◆ THE TASK
The expected output is the data below, character for character, without its pictures.

◆ INFORMATION PROVIDED
[Start of section]
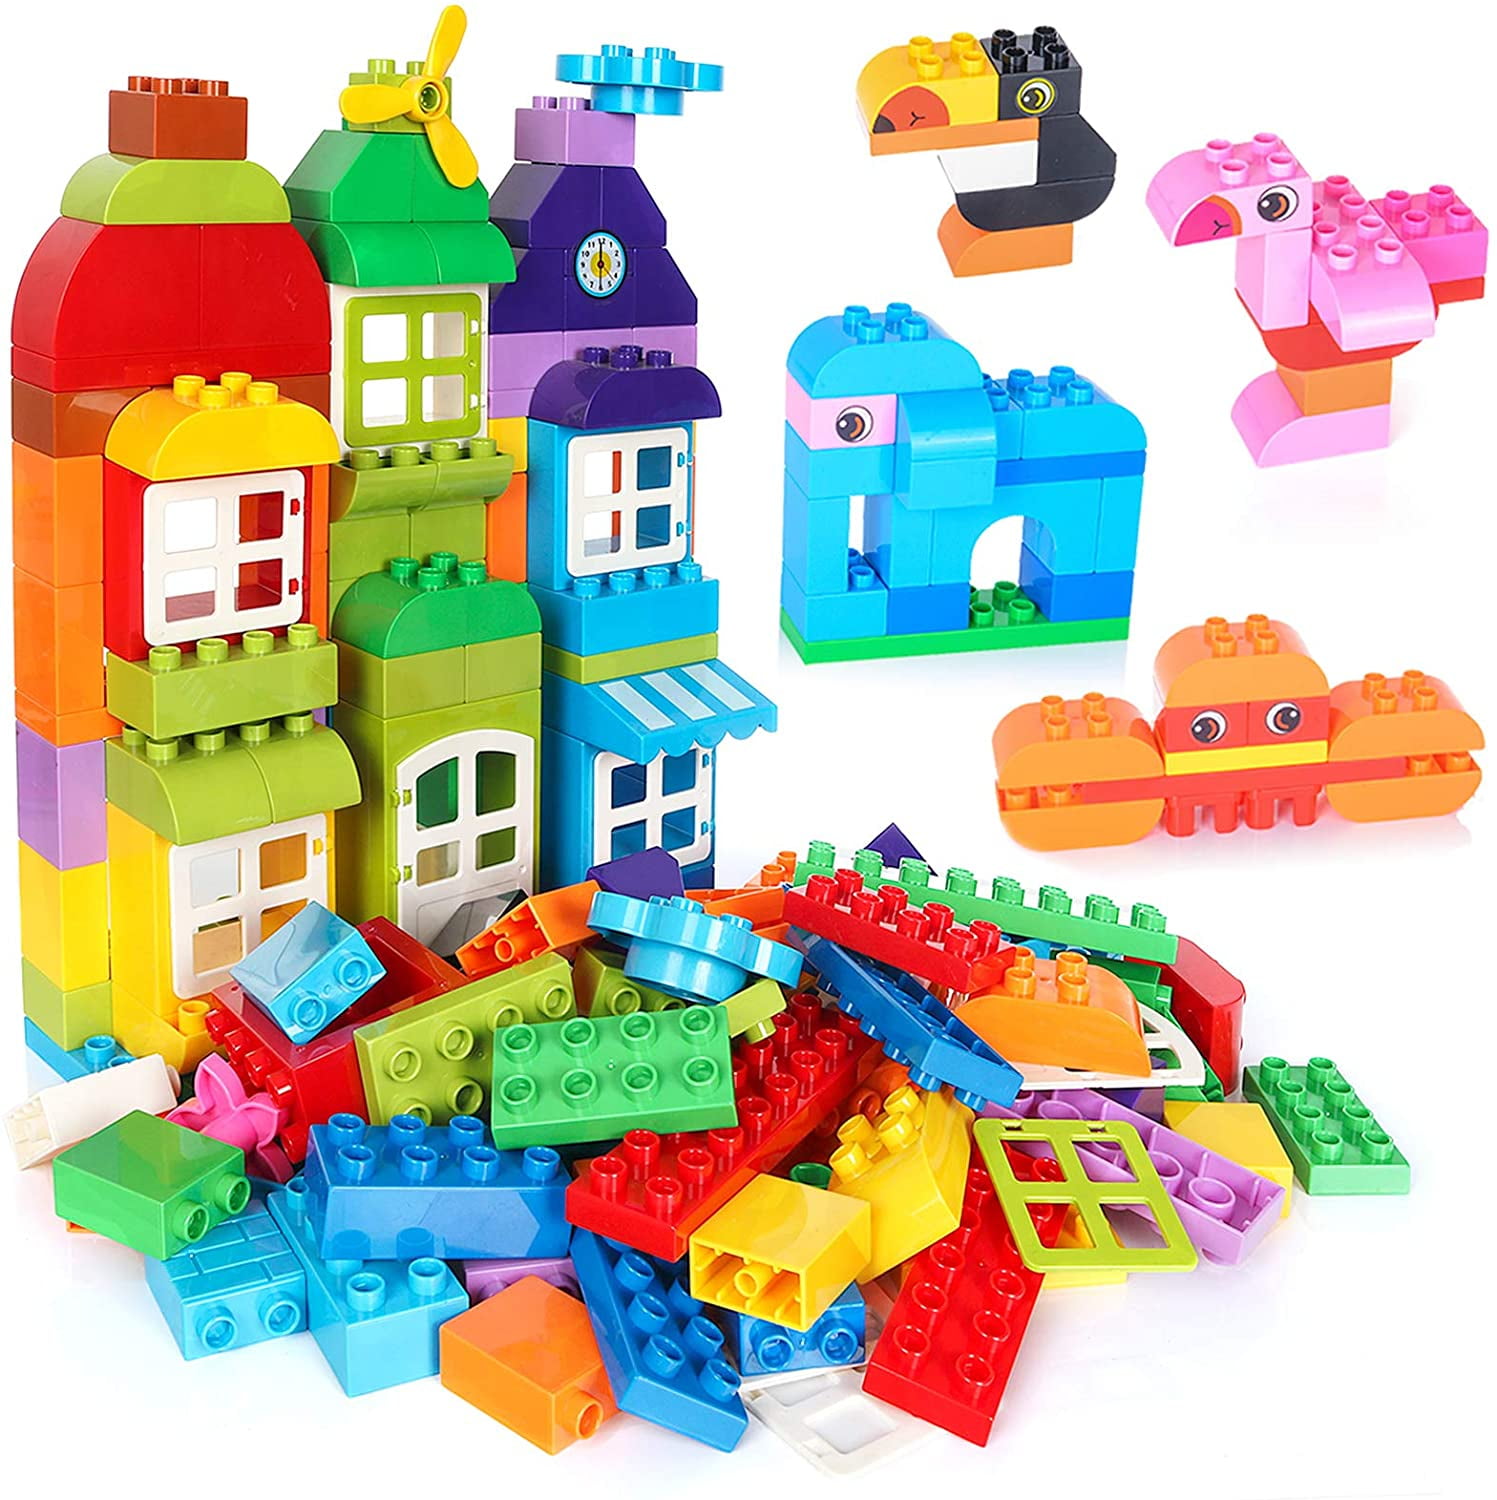 large building blocks plastic
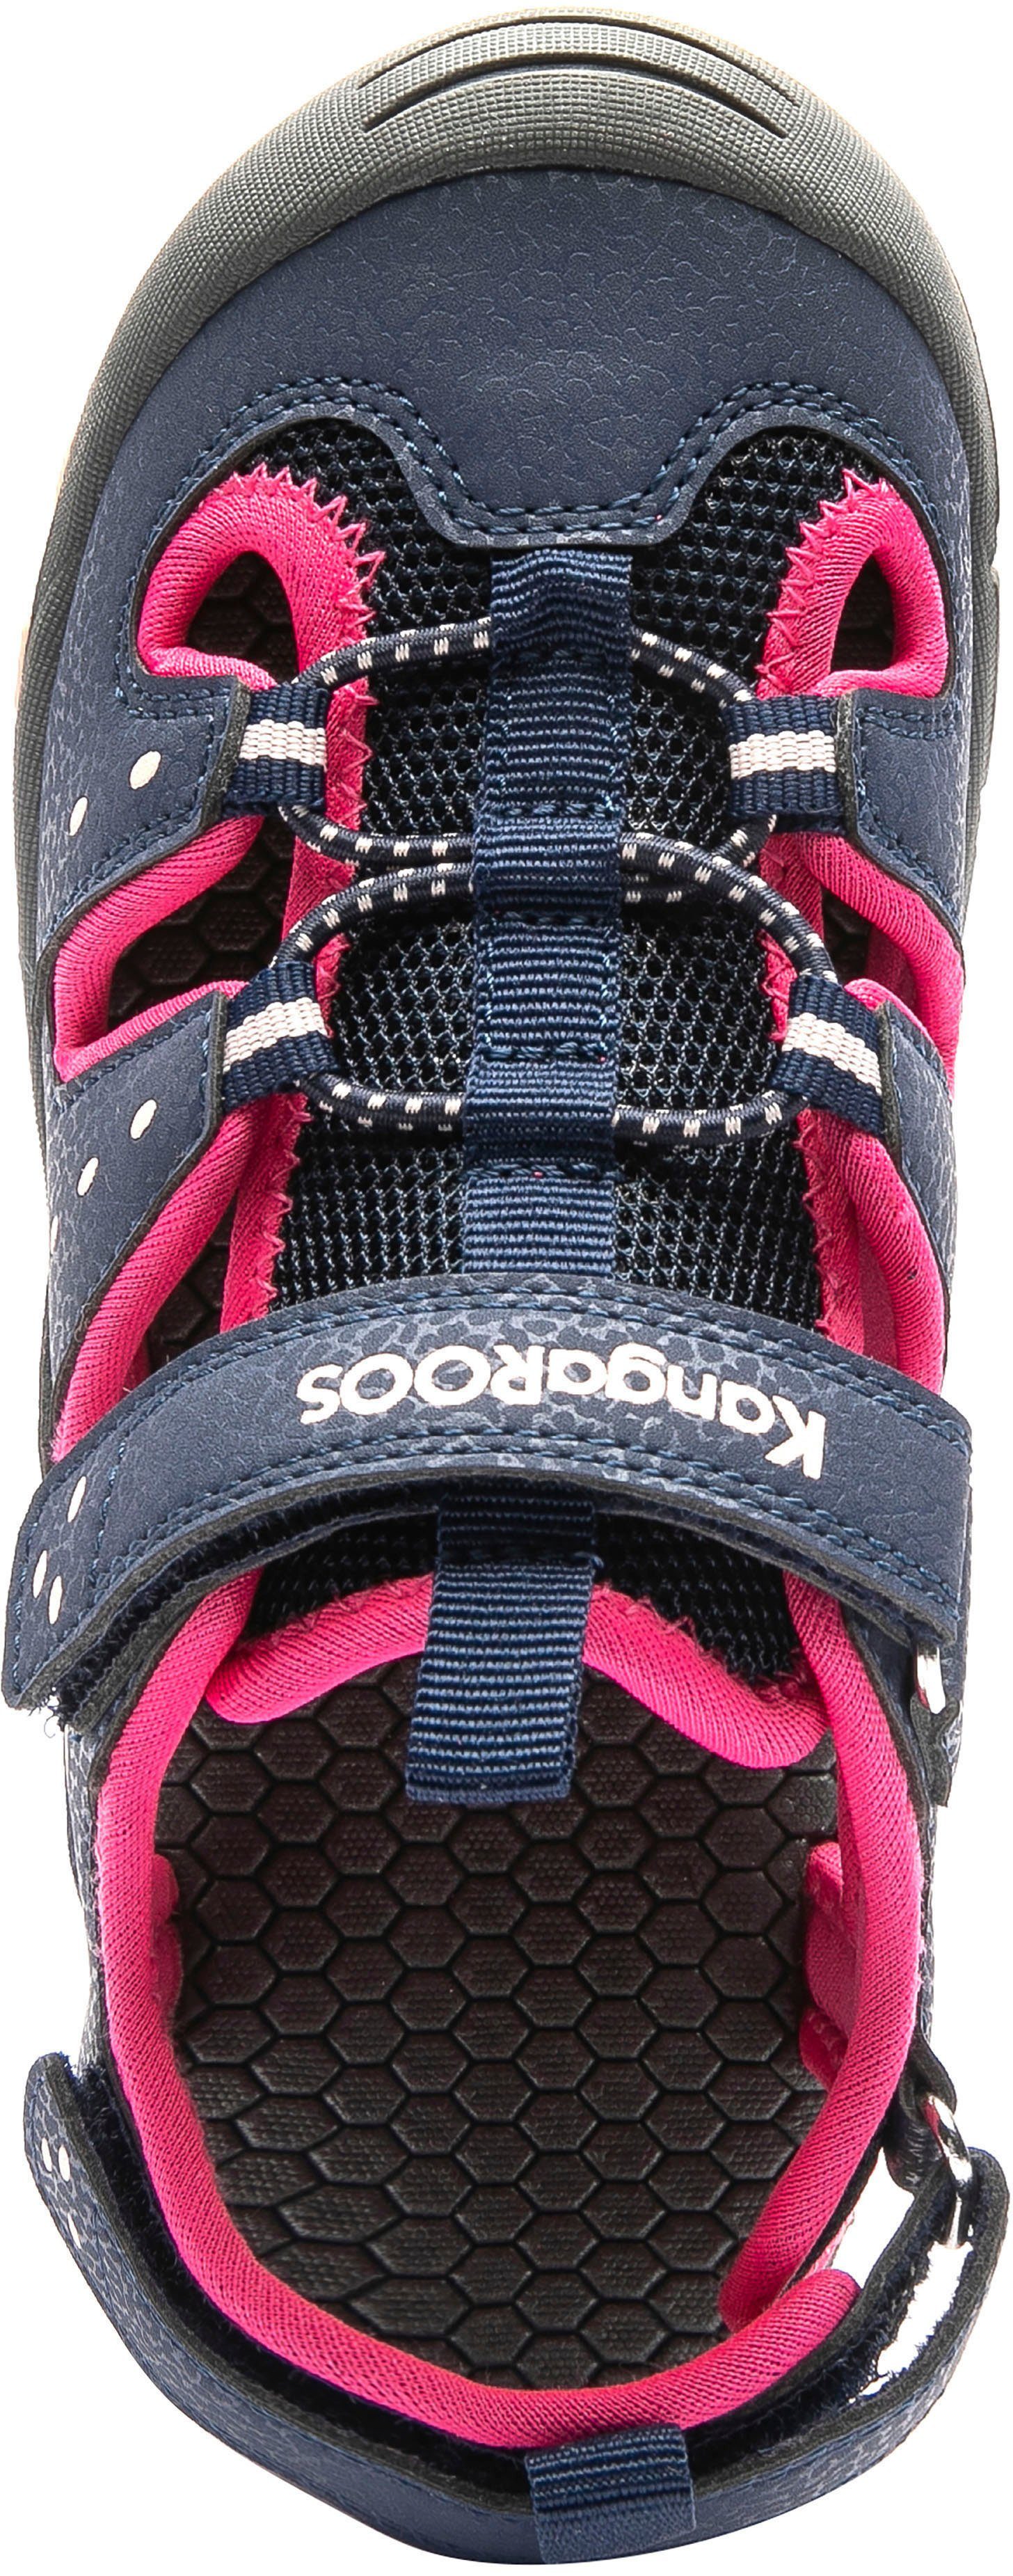 KangaROOS K-Trek Sandale blau-pink Klettverschluss mit
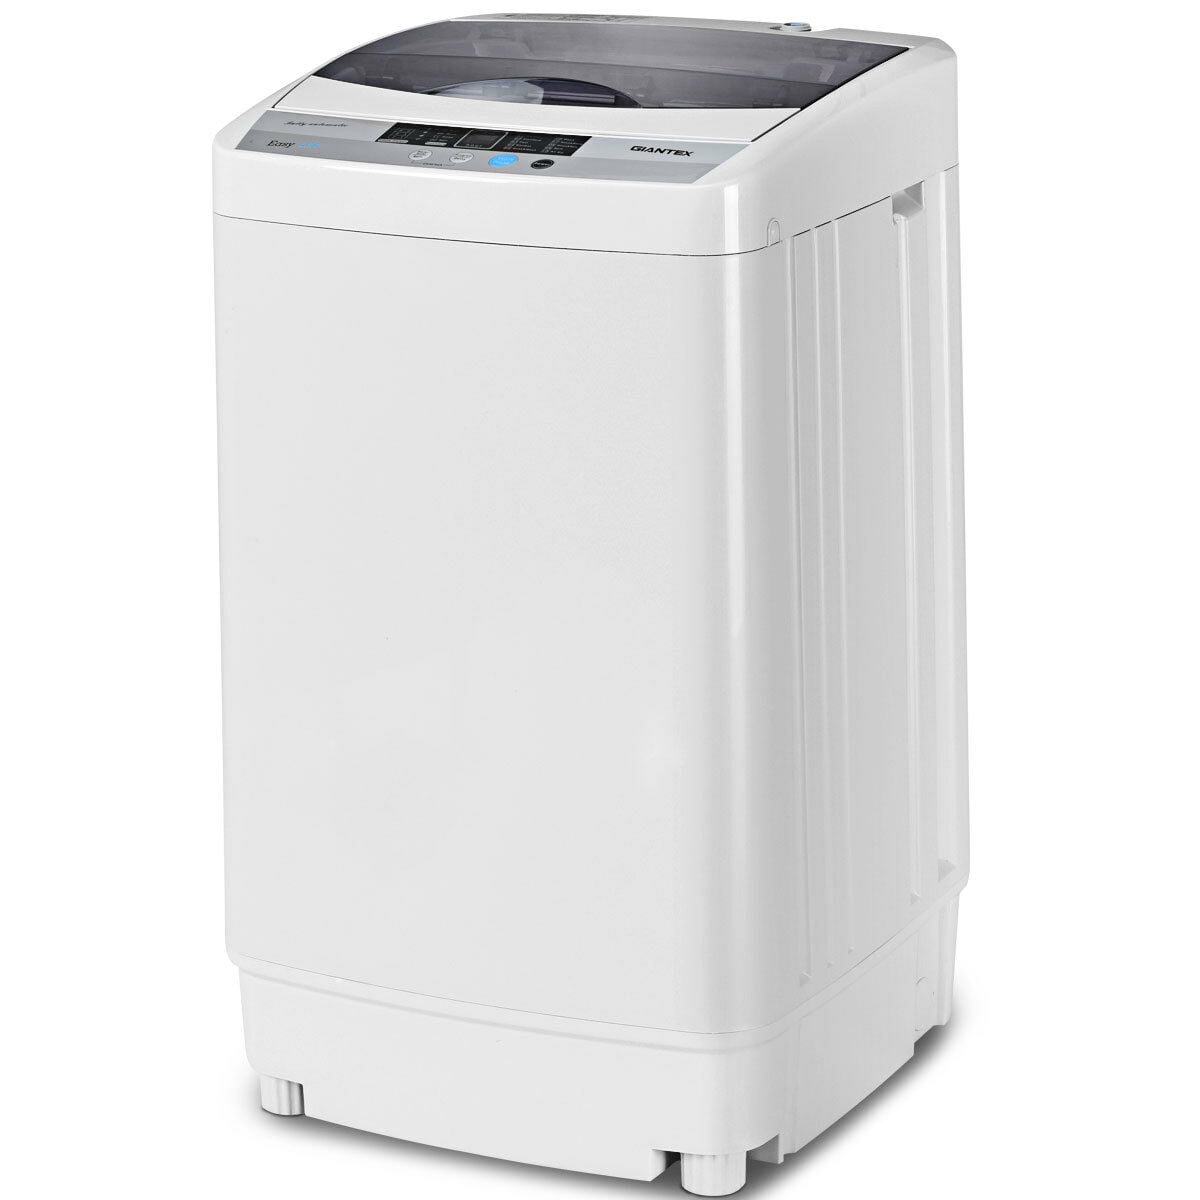 Portable Compact Washing Machine 1.34
[End of section]
◆ YOUR SOLUTION
 large building blocks plastic
 KangaROOS K-Trek Sandale blau-pink Klettverschluss mit
 Portable Compact Washing Machine 1.34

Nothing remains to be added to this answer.